Тогда ядро пролетело у него между ногами выше колен так, что вырвало по куску мяса с обеих ног. Эти раны оказались серьезными потому, что военная обстановка того времени не могла дать возможности сразу и основательно заняться их лечением. Он целый год пролежал с ними тогда и целую жизнь время от времени возился с ними потом. Для того чтобы ездить верхом и не растереть о седло ноги, он пристегивал к ним особые сооружения из лубков.

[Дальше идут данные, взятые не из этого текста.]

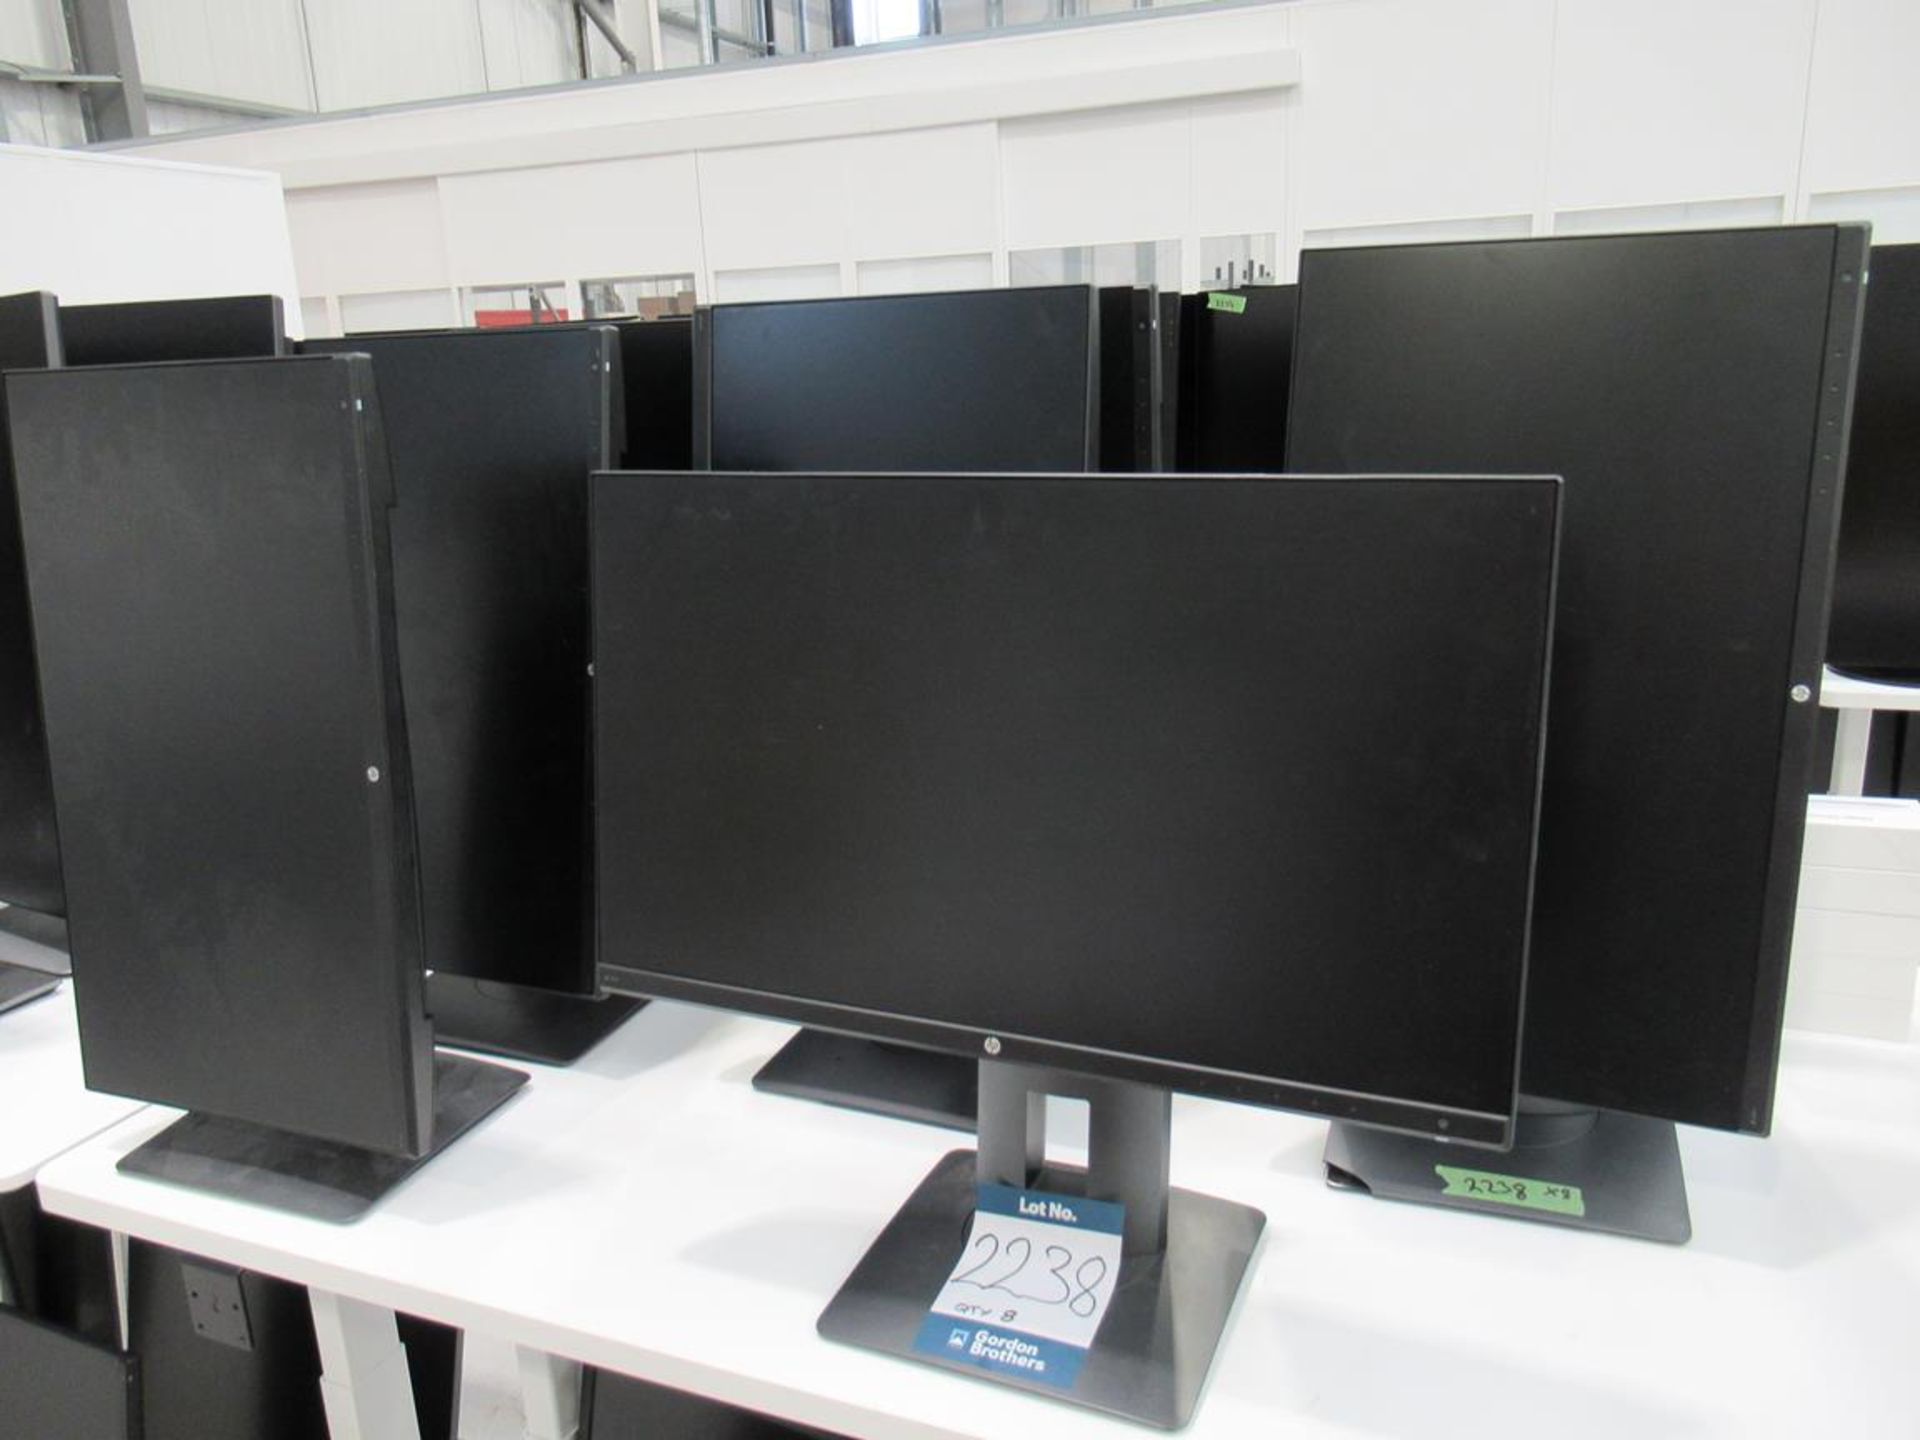 8x (no.) HP, Z24nf 23.8 monitors

Ехали шагом. Меншиков держался на своем лошаке сгорбившись.
Панаев с огорчением замечал, как постепенно, но неуклонно главнокомандующий занимал все меньше и меньше пространства и все меньше беспокоил людей. Он как бы сжимался, усыхал, втягивался в свою раковину, как улитка, уходил в отставку у всех на глазах.
Его спартанство, поразившее Пирогова, было вынужденное, конечно, он не щеголял им, не рисовался, не до того совсем ему было. Ему просто некуда было деваться здесь, на Северной стороне, поскольку более удобный для жилья инженерный домик был занят теперь великими князьями.
Можно было ночевать в капитанской каюте на пароходе «Громоносец», но для этого надо было подходить к нему на шлюпке и взбираться на палубу по трапу, что казалось Меншикову непосильно трудным делом. Кроме того, ему уже не хотелось беспокоить людей.
Да, это проявлялось в нем чем дальше, тем заметнее.
Теперь у него уж был штаб, но он был разбросан по всей Сухой балке: в одной избенке жил начальник штаба генерал Семякин, в другой, далеко от него, — начальник провиантской комиссии полковник Вунш, еще в нескольких — прочие чины штаба. И часто бывало так, что Меншиков, вместо того чтобы вызвать их к себе для доклада, сам ездил к ним на своем смиренном лошаке, что дало повод весьма исполнительному, но по-украински насмешливому Семякину прозвать его «Иисусом на осляти». Бывало и так, что он ездил к ним уже поздно вечером и в любую погоду; своенравничал, например, ветер, хлестал дождь, — шел впереди лошака казак с фонарем, закутанная в бурку сгорбленная фигура тряслась на лошаке: Меншиков ехал к Семякину или к Вуншу совещаться по вопросам общего положения дел как чисто военных, так и по продовольствию армии.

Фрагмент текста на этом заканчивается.